Recorded information START

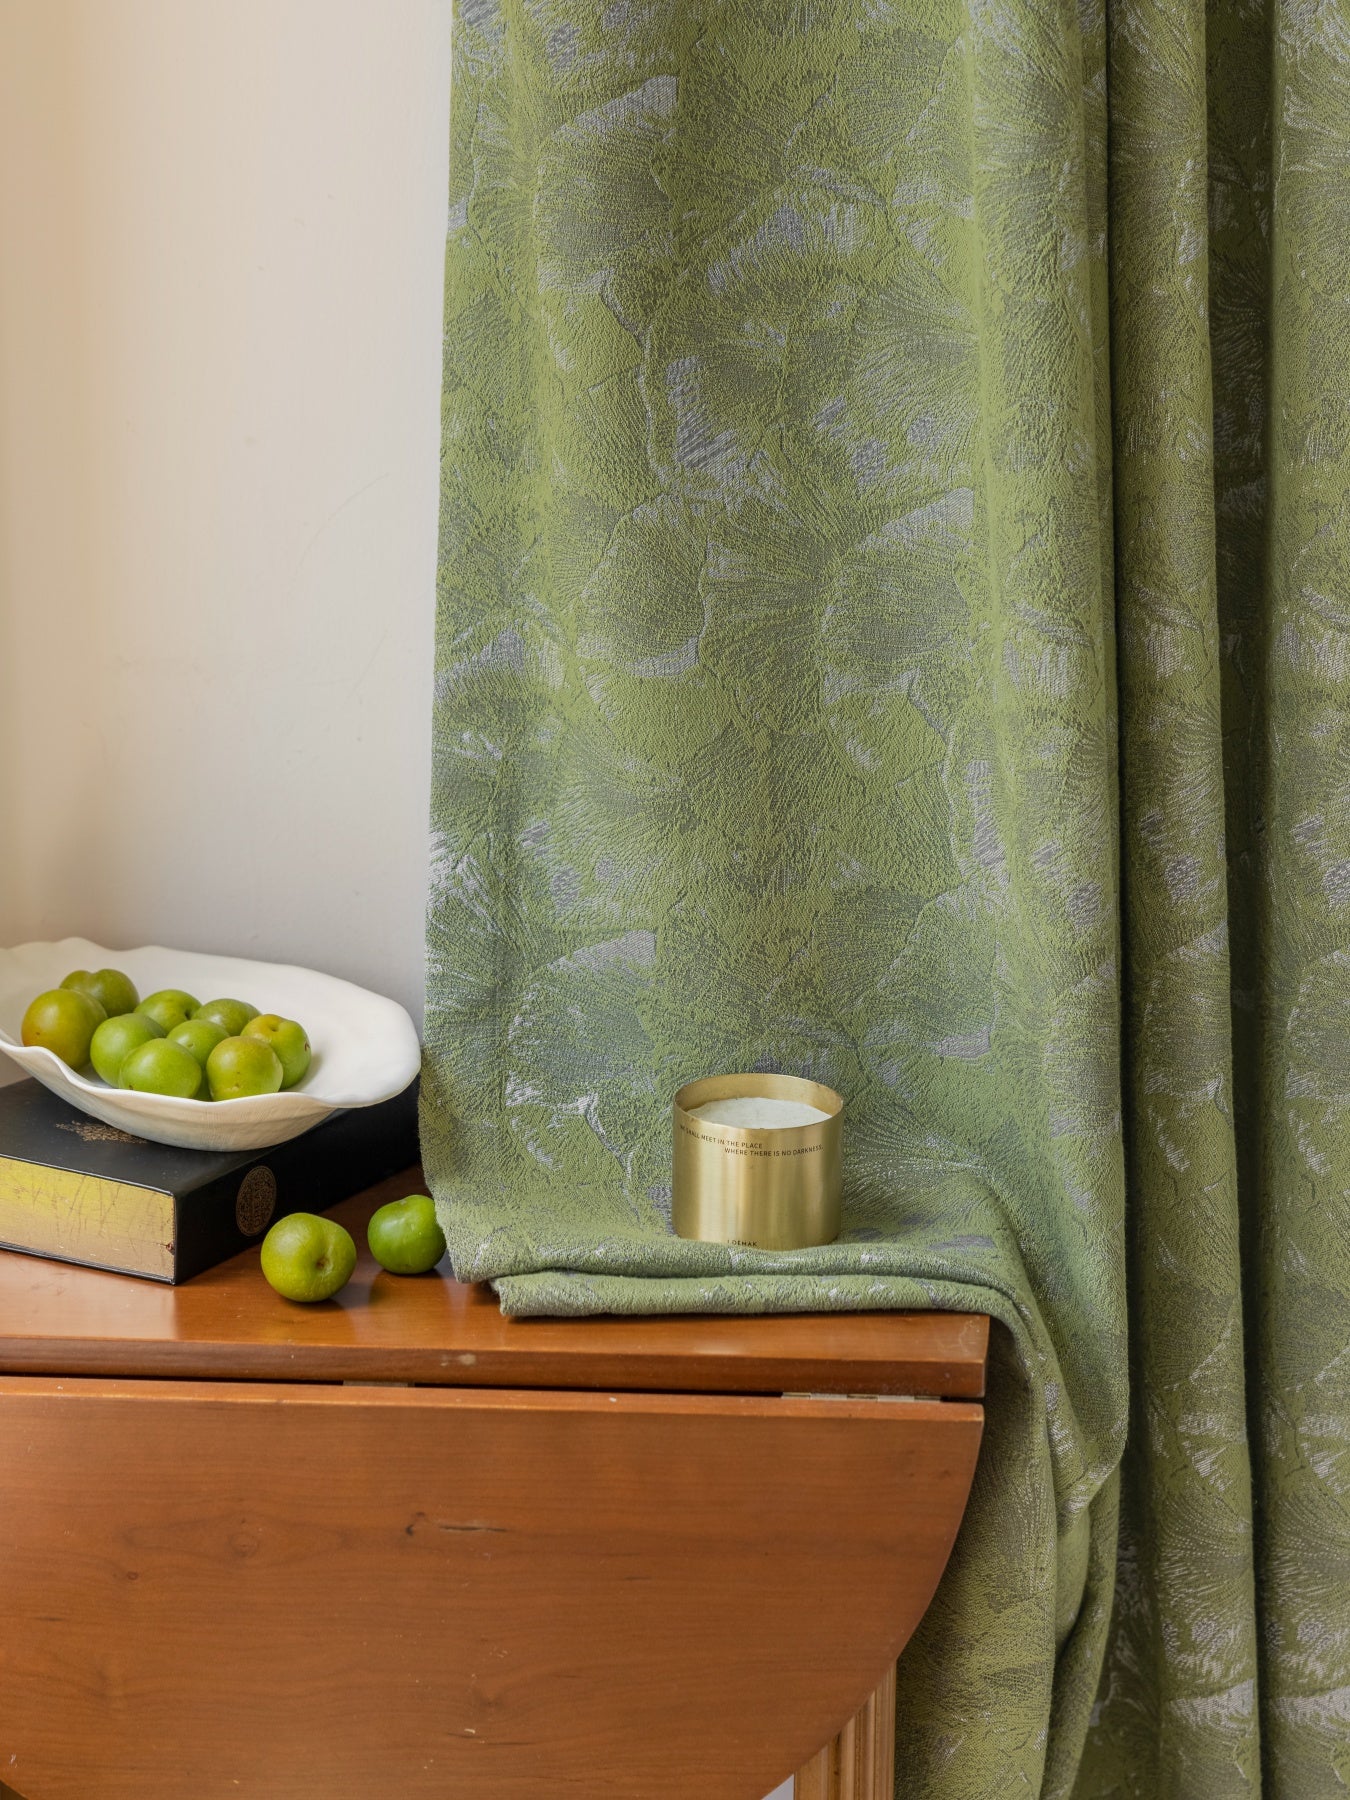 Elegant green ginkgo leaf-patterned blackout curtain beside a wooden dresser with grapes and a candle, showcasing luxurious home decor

Recorded information END
Recorded information START

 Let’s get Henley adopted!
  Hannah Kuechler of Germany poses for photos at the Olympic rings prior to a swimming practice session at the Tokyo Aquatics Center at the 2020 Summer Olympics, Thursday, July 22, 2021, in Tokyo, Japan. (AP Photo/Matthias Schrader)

Recorded information END
Recorded information START

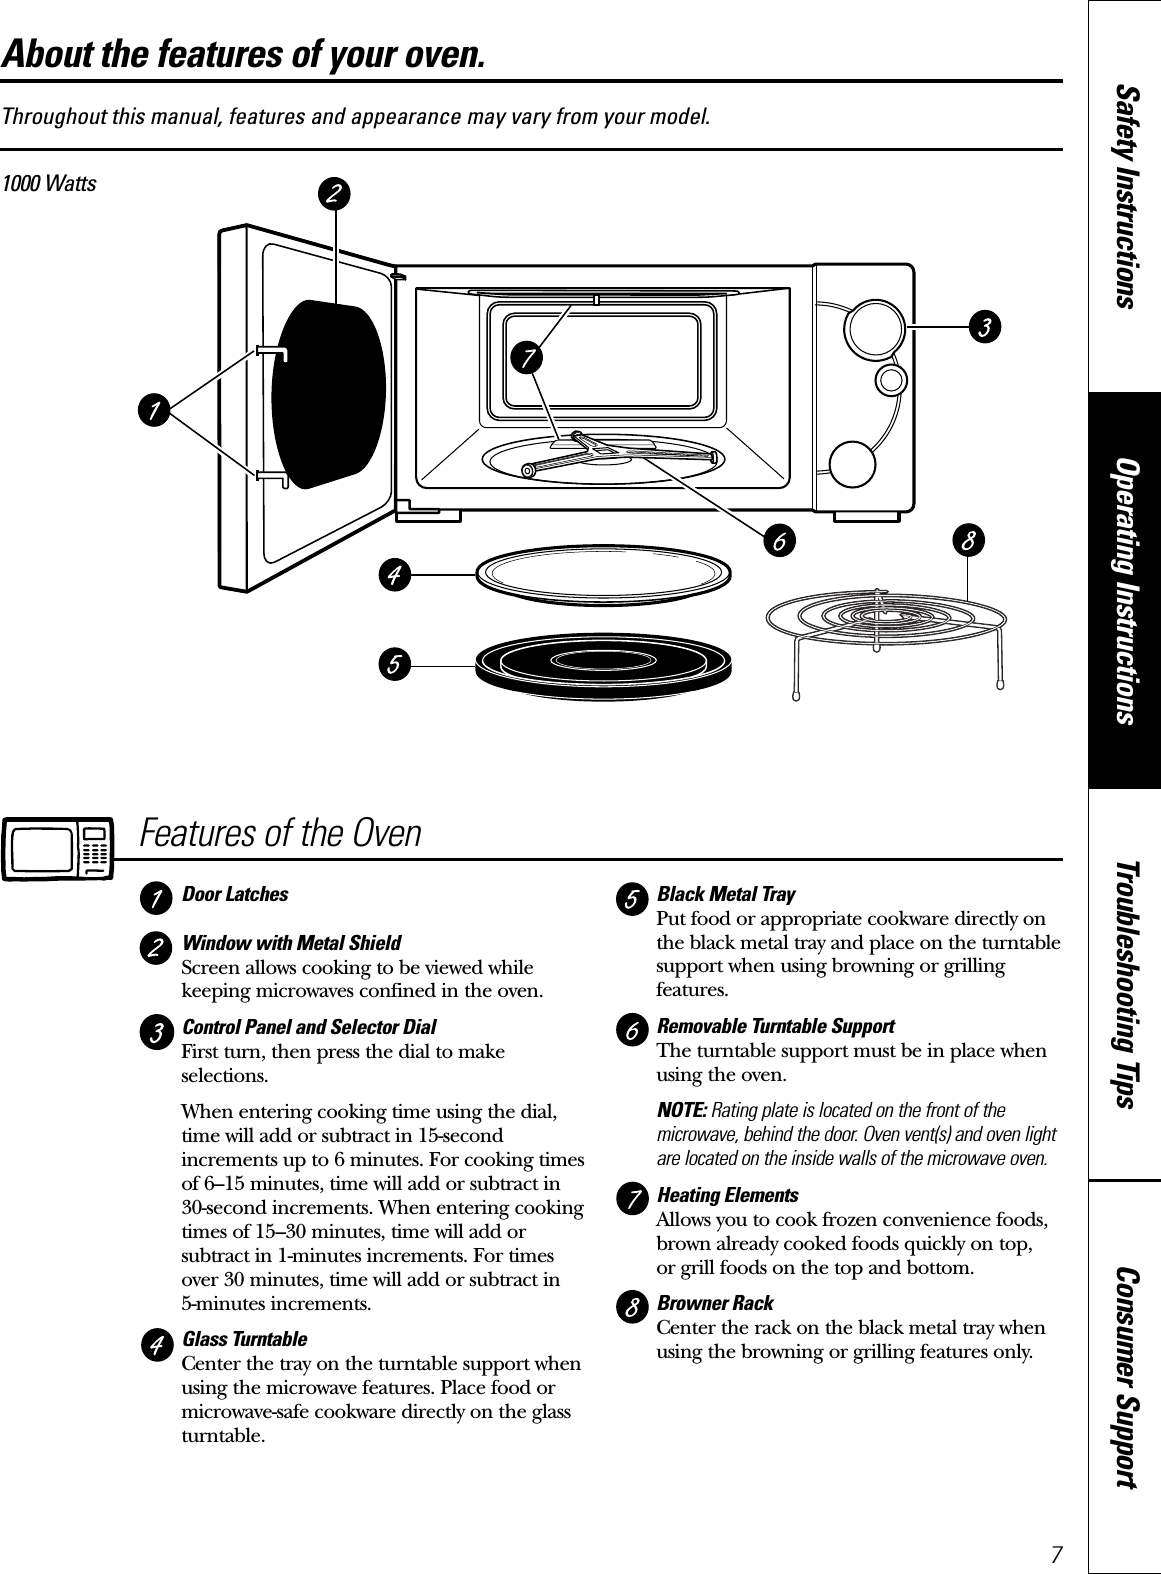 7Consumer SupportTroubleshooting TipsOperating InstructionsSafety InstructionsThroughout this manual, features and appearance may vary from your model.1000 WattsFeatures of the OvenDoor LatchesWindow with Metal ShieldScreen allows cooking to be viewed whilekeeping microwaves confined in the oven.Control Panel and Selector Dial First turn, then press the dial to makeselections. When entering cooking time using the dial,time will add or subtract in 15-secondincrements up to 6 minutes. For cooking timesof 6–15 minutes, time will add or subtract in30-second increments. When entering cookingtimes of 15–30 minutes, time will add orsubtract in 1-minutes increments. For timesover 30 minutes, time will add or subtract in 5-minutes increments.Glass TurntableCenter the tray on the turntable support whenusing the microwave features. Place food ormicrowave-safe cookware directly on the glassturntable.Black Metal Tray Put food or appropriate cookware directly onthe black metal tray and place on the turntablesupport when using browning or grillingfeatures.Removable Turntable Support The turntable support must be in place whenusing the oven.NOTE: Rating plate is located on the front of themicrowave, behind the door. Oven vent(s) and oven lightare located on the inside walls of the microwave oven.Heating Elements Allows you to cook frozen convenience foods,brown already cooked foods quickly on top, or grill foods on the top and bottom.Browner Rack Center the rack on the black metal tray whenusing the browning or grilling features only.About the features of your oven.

Recorded information END

*Your assignment:* Could you retype exactly the lines above, starting at the line that contains "Let’s get Henley adopted!" and ending at the line that contains "Hannah Kuechler of", and nothing more?

*Reply to the task:*
 Let’s get Henley adopted!
  Hannah Kuechler of Germany poses for photos at the Olympic rings prior to a swimming practice session at the Tokyo Aquatics Center at the 2020 Summer Olympics, Thursday, July 22, 2021, in Tokyo, Japan. (AP Photo/Matthias Schrader)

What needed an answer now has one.